● PROBLEM:
Quote the entries below from the line with "Series 2 Episode" through the line with "BOSTON & MAINE", both ends included, and only those lines.

○ ○ ○ ○ ○

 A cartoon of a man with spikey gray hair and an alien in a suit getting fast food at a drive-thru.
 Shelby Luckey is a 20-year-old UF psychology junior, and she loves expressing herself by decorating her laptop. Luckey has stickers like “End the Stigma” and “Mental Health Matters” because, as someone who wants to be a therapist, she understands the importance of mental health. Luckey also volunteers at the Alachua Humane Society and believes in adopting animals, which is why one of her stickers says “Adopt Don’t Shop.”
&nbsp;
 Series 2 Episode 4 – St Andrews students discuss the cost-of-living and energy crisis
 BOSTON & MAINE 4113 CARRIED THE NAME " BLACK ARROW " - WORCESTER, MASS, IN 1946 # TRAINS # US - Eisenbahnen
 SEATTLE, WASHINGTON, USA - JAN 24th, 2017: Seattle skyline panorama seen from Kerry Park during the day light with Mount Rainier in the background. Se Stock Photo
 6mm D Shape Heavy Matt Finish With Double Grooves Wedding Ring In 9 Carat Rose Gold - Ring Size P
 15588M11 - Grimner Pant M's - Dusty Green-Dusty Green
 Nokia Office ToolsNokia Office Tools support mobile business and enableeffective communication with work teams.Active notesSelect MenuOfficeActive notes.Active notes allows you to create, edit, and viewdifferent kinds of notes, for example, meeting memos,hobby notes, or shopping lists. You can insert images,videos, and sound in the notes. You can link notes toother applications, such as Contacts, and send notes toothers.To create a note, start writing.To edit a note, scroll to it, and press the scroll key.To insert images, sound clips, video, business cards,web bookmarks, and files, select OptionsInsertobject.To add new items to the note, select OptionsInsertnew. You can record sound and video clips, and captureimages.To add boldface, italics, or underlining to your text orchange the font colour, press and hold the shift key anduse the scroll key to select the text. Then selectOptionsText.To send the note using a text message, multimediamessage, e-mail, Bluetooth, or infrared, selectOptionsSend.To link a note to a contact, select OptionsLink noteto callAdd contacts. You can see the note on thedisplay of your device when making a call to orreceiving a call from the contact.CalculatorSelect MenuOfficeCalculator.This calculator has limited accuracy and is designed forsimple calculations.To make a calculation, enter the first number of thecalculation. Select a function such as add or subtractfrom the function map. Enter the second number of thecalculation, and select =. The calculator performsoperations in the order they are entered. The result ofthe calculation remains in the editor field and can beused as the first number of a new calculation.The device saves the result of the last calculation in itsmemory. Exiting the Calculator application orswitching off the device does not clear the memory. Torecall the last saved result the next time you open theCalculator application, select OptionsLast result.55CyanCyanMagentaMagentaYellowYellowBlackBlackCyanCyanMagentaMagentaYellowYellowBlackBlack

○ ○ ○ ○ ○

● EXERCISE OUTPUT:
 Series 2 Episode 4 – St Andrews students discuss the cost-of-living and energy crisis
 BOSTON & MAINE 4113 CARRIED THE NAME " BLACK ARROW " - WORCESTER, MASS, IN 1946 # TRAINS # US - Eisenbahnen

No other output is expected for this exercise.